Supplied data section start

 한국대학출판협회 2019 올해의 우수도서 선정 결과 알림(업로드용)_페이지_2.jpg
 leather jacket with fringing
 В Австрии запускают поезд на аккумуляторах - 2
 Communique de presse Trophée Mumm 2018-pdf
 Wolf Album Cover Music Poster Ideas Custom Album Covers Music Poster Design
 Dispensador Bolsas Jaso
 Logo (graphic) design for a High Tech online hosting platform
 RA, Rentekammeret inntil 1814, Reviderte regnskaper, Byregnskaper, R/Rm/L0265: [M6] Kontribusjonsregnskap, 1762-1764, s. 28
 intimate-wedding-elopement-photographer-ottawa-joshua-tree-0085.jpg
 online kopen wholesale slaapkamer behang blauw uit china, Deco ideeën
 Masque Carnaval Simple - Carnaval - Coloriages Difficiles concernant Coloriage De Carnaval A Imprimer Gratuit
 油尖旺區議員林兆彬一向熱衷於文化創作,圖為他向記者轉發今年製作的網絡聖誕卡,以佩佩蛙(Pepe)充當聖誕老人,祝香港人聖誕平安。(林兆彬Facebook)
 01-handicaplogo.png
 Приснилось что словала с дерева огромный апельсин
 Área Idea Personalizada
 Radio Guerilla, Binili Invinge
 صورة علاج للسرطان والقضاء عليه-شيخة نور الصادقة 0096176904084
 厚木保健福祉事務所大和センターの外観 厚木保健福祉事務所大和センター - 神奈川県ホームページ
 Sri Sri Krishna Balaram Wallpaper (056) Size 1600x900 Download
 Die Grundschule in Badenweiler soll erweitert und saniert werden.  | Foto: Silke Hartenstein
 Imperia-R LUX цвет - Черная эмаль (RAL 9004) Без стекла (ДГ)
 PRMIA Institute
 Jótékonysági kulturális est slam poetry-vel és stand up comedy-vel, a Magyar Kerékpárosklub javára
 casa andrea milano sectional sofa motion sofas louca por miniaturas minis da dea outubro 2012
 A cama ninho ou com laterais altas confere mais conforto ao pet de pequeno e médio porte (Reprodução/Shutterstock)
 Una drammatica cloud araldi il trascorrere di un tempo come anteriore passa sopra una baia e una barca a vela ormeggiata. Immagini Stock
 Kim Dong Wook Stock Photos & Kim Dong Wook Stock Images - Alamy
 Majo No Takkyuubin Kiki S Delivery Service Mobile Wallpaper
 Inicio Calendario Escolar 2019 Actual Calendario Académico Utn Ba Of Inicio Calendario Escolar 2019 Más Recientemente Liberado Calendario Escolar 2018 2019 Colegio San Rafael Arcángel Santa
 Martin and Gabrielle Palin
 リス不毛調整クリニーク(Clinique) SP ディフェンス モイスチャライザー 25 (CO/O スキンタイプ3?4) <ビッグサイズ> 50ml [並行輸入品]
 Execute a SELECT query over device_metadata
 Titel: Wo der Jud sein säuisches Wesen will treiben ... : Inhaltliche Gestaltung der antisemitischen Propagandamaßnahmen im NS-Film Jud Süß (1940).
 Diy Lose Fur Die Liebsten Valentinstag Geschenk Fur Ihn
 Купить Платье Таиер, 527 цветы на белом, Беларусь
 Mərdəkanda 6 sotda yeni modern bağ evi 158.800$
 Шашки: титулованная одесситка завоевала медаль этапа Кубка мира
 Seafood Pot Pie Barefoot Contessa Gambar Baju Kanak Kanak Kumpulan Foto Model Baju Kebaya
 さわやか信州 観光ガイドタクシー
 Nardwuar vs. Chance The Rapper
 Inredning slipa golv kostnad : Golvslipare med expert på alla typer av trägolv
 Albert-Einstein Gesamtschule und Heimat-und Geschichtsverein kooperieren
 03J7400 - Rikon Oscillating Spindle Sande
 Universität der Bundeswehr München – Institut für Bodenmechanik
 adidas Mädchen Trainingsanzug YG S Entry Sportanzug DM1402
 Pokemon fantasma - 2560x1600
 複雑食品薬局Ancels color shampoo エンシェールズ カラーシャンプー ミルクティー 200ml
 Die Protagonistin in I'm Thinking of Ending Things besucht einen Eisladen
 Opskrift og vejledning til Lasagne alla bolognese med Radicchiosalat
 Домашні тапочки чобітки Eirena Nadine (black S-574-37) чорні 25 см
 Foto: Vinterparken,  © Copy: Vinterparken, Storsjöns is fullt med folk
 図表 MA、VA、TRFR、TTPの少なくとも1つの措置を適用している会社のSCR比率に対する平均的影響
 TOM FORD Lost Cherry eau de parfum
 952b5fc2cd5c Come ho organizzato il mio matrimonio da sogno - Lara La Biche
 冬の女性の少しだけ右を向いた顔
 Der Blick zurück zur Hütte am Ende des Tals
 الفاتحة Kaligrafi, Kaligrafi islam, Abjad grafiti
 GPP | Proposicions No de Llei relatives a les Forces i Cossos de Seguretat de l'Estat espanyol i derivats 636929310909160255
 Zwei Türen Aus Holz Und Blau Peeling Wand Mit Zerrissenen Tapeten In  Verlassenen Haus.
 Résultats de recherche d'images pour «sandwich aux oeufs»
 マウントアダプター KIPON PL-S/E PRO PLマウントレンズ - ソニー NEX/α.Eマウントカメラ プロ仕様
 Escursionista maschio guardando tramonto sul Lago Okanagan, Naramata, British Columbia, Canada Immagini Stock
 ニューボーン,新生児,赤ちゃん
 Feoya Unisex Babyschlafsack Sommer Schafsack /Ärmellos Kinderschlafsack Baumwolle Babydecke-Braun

Supplied data section end

§ **Task description**
The lines needed run from the first line of the data through the line containing "PRMIA Institute"; give them again exactly and nothing else.

§ **Reply**
 한국대학출판협회 2019 올해의 우수도서 선정 결과 알림(업로드용)_페이지_2.jpg
 leather jacket with fringing
 В Австрии запускают поезд на аккумуляторах - 2
 Communique de presse Trophée Mumm 2018-pdf
 Wolf Album Cover Music Poster Ideas Custom Album Covers Music Poster Design
 Dispensador Bolsas Jaso
 Logo (graphic) design for a High Tech online hosting platform
 RA, Rentekammeret inntil 1814, Reviderte regnskaper, Byregnskaper, R/Rm/L0265: [M6] Kontribusjonsregnskap, 1762-1764, s. 28
 intimate-wedding-elopement-photographer-ottawa-joshua-tree-0085.jpg
 online kopen wholesale slaapkamer behang blauw uit china, Deco ideeën
 Masque Carnaval Simple - Carnaval - Coloriages Difficiles concernant Coloriage De Carnaval A Imprimer Gratuit
 油尖旺區議員林兆彬一向熱衷於文化創作,圖為他向記者轉發今年製作的網絡聖誕卡,以佩佩蛙(Pepe)充當聖誕老人,祝香港人聖誕平安。(林兆彬Facebook)
 01-handicaplogo.png
 Приснилось что словала с дерева огромный апельсин
 Área Idea Personalizada
 Radio Guerilla, Binili Invinge
 صورة علاج للسرطان والقضاء عليه-شيخة نور الصادقة 0096176904084
 厚木保健福祉事務所大和センターの外観 厚木保健福祉事務所大和センター - 神奈川県ホームページ
 Sri Sri Krishna Balaram Wallpaper (056) Size 1600x900 Download
 Die Grundschule in Badenweiler soll erweitert und saniert werden.  | Foto: Silke Hartenstein
 Imperia-R LUX цвет - Черная эмаль (RAL 9004) Без стекла (ДГ)
 PRMIA Institute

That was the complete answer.